GündemKöşe YazılarıProf. Dr. Fatih SATIL

Dedektif Polenler

Polen; çiçekli bitkilerde çiçeklerde üretilip “çiçek tozu” olarak da adlandırılan bitkilerin erkek üreme hücreleridir. Mikro düzeydeki büyüklüğe sahip olan polenlerin rengi ve şekli her bitki türüne özel yaratılmıştır. Polenlerin sadece renkleri değil, bunun yanında şekilleri, büyüklükleri, kokuları ve dış görünüşleri de farklılıklar gösterir. Bu özellikler sayesinde polenler insanların parmak izi gibidir, her bitki grubuna özeldir.

Polenlerin her bitki türü için özel yaratılmış olması adli olayların nerede ve ne zaman meydana geldiğini çözmeye yardım eder. Polis kriminal uzmanlarına göre polenler sadece bahar mevsiminde uçuşan tanecikler değildir. Adli palinoloji (polen bilimi) kullanılarak fail, olay yeri, mağdur ve olay zamanı arasında bağlantı kurmak, olay yerinde bırakılan bir delil ile fail arasında bağlantı kurmak, suçu kanıtlamak, mağdurun anlattıklarını doğrulamak, şüphelilerin sayısını azaltmak, polisin doğru yönde araştırma yapmasına yardımcı olmak, çeşitli dolandırıcılık suçlarını aydınlatmak, uyuşturucunun geçtiği güzergahı tespit etmek mümkün olmaktadır.
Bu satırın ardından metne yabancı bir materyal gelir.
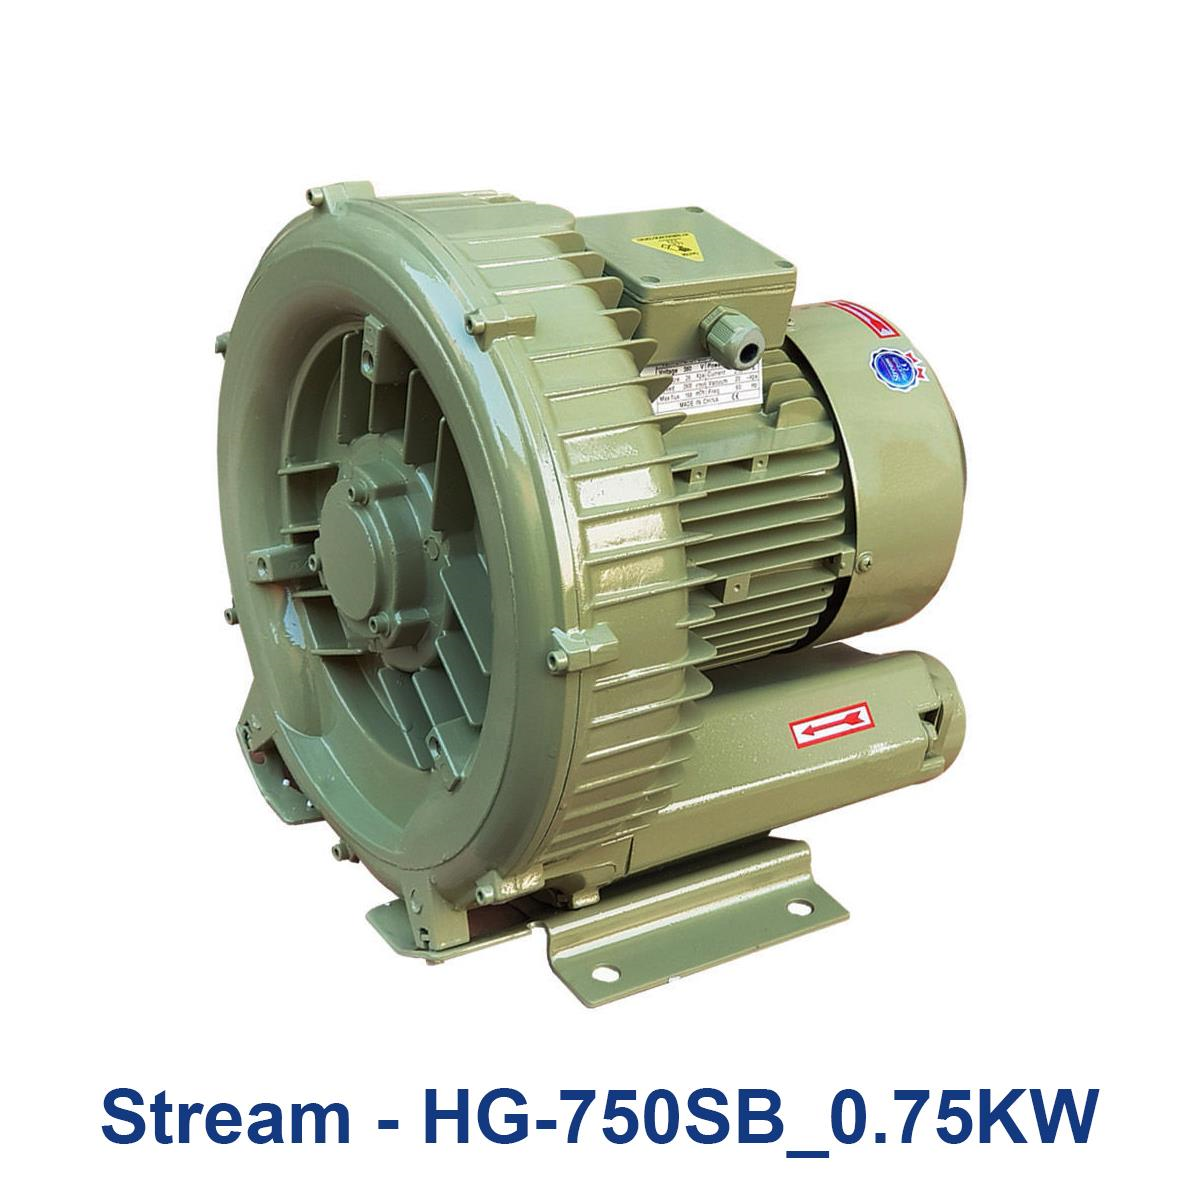 Stream---HG-750SB_0.75KW

Hemen her yerde bulunabilen ve gözle görülemeyen bu polenler, olay yerinde bulunan kişilerin ve materyallerin üzerine bulaşmış olabilir. Adli palinologlar, cesedin üzerinden veya olay mahallinden alınan polen örnekleri ile bunların doğal olarak bulunduğu yer, zaman, şüpheli şahıslar ve şüpheli objelerle olay mahalli arasında ilişki kurmaya çalışırlar. Polenler, şüphelinin veya mağdurun giysileri, saçları, kulak içi ve solunum yollarına kolayca bulaşabilmektedir.
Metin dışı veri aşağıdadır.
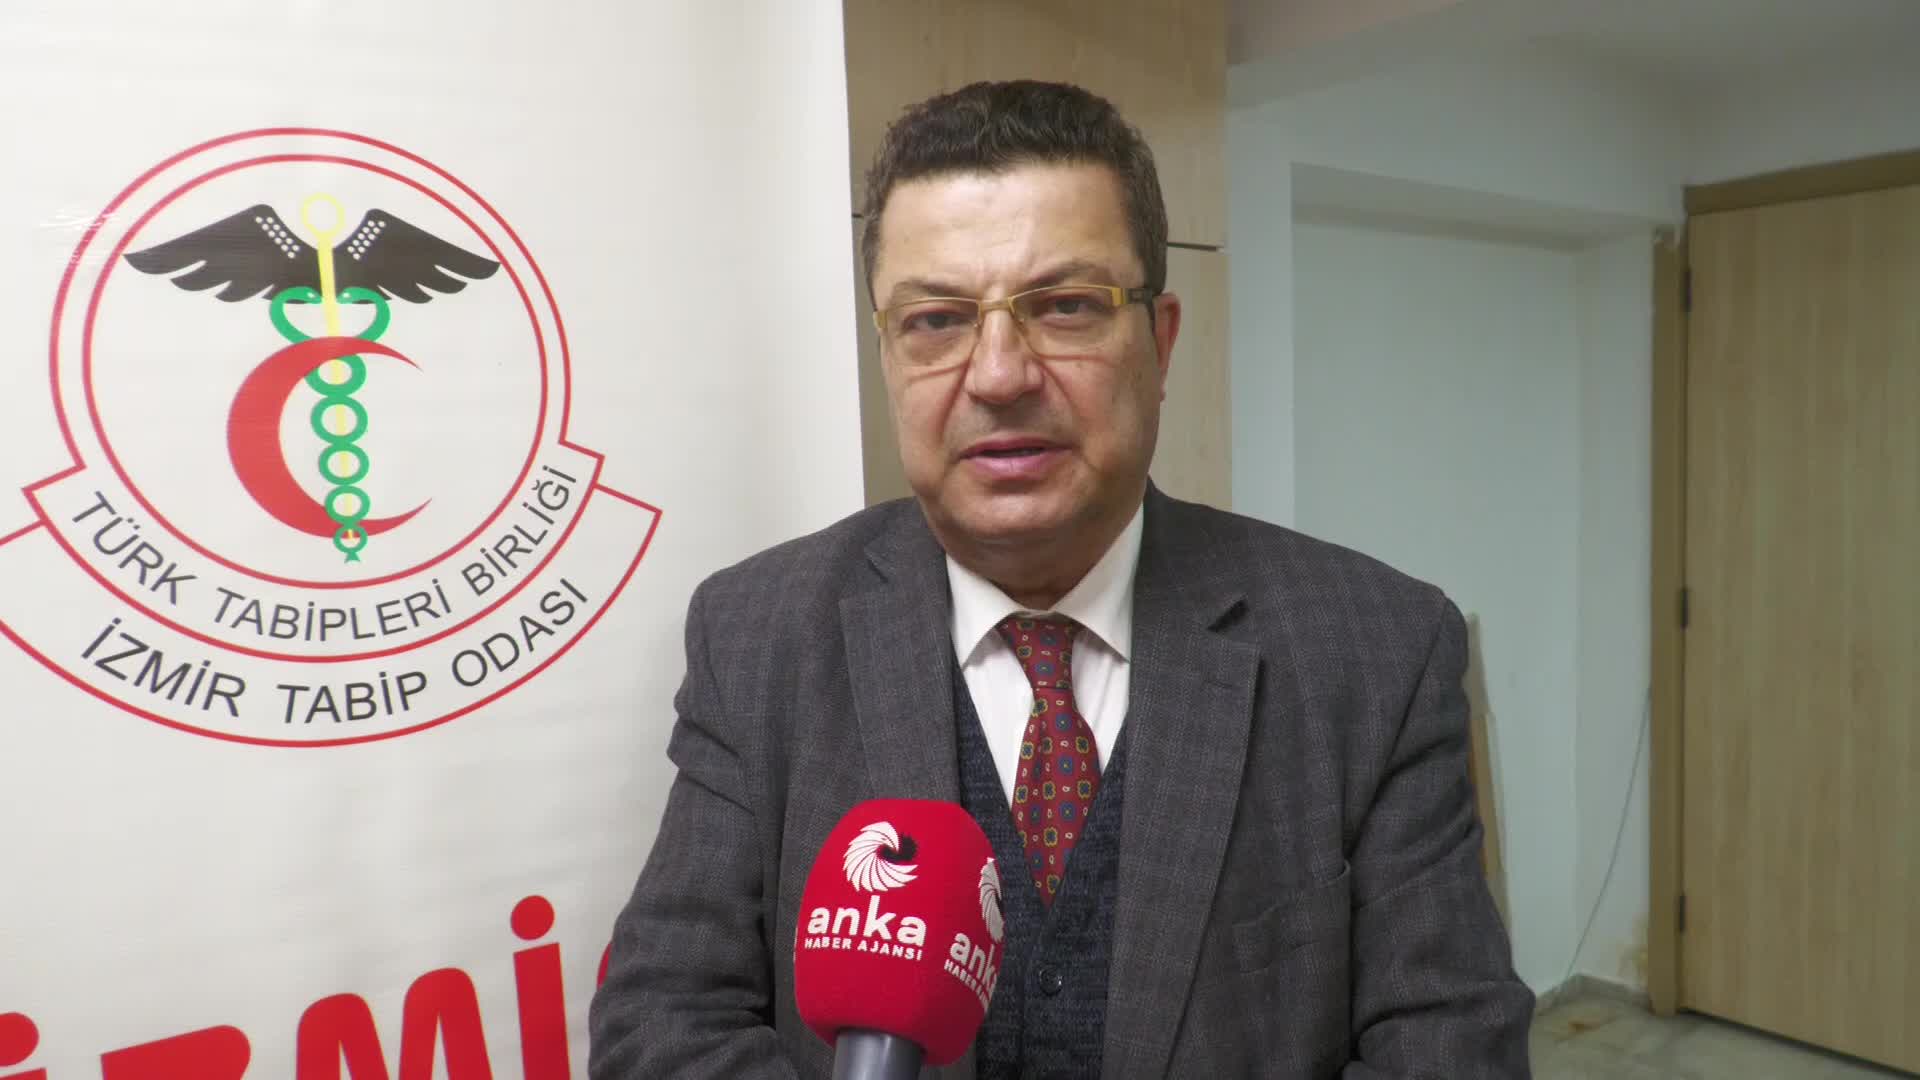 İzmir Tabip Odası Başkanı Kaynak: En üst düzeyden cezalarla bu saldırganlar durdurulabilir

Örneğin bir ceset üzerindeki çamur, adli palinologlar tarafından incelenir ve içindeki polenler tespit edilir. Böylece cinayetin işlendiği yerin bitki örtüsü hakkında bilgi edinilebilir. Bir bölgede görülen bir ağaç türünden tabiata salınan polenlerin, o bölgeden tamamen farklı bir bölgedeki ceset üzerinde bulunması, maktulün başka yerde öldürülüp taşındığı konusunda uzmanlara bilgi verir.

Her adli olayda suçlu, farkında olmadan ya olay mahallinden bir şey alır ya da oraya kendisinden bir şey bırakır. Yani tabiat her şeye kendi lisanıyla şahitlik eder. Olay yerinden elde edilen deliller olayın çözülmesinde ve hukuk sisteminin doğru işlemesinde oldukça önemli rol üstlenir. Bu noktada “dedektif polenler”, davaların görünmez kahramanları ve suçluların korkulu rüyasıdır.

Hırsızlık Polenler Sayesinde Çözüldü

Polenlerin ilk defa delil olarak 1959 yılında İsveç ve Avusturya’da iki ayrı davada kullanılmış ve mahkemece resmi kayıtlara geçirilmiştir. Türkiye’de palinolojik bulgular ilk defa 2006 yılında bir hırsızlık olayının çözümünde mahkemede delil olarak kullanılmıştır:

Bursa’nın Gemlik ilçesine bağlı bir köydeki ağıldan çalınan 3 koyunun zanlıları polenlerin şahitliği sayesinde yakalandılar. Jandarma ekipleri, bir okulun güvenlik kamerası kayıtlarından içinde 3 tane koyun bulunan bir otomobil geçtiğini belirlediler. Bunun üzerine şüpheli aracın plakası tespit edildi. Yakalanan zanlı, kamera kaydının bulunduğu okul civarından geçtiğini ancak ağıla kesinlikle gitmediğini beyan etti. Kriminal dedektifler, zanlının aracından aldıkları polen numunelerini olay yerindekilerden aldıklarıyla karşılaştırınca zanlının yapacağı bir şey kalmadı.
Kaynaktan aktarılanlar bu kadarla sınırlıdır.